**Assigned task**
Set down, please, without alteration, the lines of the entries below from the first through the one containing "Mur en béton".

**Exercise materials**

___

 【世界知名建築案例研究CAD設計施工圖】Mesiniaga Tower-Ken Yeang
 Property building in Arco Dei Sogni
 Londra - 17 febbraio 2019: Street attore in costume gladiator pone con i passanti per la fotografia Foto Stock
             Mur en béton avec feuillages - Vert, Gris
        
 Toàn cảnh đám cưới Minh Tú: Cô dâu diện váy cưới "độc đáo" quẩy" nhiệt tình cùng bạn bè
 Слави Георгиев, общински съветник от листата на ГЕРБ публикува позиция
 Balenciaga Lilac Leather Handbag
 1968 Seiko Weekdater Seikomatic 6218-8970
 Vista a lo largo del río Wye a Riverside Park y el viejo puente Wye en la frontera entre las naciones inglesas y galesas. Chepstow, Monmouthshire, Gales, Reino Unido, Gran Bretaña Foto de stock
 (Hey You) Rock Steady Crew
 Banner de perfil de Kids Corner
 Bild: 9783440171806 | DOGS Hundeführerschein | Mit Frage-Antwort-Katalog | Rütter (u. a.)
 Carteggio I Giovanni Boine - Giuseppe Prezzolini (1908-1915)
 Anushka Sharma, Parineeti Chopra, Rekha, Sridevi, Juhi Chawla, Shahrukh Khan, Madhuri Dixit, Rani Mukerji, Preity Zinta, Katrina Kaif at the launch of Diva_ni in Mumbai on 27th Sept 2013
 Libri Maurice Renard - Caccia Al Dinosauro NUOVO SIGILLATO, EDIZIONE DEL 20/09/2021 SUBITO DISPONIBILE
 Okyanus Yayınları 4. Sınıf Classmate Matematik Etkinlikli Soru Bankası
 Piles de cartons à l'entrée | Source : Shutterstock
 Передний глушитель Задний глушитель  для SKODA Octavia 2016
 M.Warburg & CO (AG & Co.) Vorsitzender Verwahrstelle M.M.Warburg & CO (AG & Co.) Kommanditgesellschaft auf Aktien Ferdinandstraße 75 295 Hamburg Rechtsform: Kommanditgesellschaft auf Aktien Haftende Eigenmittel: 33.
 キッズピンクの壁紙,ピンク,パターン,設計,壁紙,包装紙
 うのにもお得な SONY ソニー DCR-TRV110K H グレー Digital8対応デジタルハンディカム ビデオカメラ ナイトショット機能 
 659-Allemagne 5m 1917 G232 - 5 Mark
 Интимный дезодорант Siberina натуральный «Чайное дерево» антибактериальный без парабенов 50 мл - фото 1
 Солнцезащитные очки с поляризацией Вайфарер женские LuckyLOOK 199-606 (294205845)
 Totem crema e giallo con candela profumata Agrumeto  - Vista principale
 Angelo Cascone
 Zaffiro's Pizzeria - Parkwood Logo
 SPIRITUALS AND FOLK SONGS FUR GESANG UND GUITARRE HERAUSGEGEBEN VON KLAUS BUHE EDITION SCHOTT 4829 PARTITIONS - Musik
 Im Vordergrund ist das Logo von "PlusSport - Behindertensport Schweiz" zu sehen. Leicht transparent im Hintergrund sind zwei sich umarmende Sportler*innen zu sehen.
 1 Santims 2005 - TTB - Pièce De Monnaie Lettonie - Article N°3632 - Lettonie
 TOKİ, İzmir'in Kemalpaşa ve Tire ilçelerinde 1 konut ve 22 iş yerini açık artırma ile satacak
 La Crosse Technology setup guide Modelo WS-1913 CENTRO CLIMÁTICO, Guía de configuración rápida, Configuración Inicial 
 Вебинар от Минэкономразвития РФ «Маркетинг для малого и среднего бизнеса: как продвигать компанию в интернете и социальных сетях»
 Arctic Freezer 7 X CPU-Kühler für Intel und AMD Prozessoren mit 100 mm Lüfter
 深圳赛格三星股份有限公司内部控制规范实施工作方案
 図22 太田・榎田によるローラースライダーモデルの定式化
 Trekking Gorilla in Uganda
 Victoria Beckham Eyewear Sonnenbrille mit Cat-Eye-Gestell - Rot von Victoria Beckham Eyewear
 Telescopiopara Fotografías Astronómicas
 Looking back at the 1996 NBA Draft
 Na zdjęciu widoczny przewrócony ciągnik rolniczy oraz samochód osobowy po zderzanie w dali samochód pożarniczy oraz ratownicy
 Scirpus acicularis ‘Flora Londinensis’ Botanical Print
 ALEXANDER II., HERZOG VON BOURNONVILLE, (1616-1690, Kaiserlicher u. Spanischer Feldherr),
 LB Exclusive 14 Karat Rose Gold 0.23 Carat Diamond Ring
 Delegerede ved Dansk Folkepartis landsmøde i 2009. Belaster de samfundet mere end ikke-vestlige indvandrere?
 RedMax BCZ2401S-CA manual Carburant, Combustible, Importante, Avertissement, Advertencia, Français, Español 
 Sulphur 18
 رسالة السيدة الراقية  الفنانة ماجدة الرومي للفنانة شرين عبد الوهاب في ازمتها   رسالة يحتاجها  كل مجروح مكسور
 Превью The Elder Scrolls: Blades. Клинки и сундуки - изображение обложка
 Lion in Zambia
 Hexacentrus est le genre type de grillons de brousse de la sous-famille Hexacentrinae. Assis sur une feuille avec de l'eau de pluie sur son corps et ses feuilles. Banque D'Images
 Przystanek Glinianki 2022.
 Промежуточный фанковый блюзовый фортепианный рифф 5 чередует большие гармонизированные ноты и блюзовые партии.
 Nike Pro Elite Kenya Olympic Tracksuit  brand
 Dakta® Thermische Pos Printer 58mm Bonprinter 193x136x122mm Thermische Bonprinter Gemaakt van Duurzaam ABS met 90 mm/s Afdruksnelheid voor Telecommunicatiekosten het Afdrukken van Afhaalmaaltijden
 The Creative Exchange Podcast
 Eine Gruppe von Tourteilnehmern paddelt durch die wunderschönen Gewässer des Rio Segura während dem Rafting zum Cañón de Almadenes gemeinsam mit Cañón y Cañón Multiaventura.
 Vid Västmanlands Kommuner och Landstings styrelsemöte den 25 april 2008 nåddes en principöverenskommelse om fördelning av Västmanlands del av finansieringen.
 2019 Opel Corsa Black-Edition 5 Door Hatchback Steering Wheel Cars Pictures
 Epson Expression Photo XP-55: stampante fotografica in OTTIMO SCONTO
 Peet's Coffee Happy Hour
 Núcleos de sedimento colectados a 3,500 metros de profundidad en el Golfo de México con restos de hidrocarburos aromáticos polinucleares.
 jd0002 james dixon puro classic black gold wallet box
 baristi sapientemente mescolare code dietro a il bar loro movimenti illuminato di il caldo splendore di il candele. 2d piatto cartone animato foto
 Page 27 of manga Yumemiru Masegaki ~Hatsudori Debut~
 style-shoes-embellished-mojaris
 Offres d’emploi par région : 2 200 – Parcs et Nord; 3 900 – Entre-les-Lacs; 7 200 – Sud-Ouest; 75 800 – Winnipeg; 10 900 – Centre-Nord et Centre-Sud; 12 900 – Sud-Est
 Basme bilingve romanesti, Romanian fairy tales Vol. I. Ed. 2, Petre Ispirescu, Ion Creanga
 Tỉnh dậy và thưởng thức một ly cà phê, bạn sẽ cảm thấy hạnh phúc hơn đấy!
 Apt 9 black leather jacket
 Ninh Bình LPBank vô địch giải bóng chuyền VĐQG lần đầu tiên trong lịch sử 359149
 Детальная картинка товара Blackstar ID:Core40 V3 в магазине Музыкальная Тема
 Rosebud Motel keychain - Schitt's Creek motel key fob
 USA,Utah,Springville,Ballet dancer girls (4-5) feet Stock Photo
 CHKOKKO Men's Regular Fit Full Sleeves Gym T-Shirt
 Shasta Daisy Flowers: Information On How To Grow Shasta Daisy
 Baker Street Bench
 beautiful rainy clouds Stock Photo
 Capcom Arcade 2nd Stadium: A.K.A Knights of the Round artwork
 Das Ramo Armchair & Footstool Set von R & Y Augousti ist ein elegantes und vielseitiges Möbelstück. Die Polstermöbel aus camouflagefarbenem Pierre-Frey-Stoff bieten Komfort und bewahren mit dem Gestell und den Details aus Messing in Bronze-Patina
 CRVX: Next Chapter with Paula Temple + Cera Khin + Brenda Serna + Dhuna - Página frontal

___

**Reply**
 【世界知名建築案例研究CAD設計施工圖】Mesiniaga Tower-Ken Yeang
 Property building in Arco Dei Sogni
 Londra - 17 febbraio 2019: Street attore in costume gladiator pone con i passanti per la fotografia Foto Stock
             Mur en béton avec feuillages - Vert, Gris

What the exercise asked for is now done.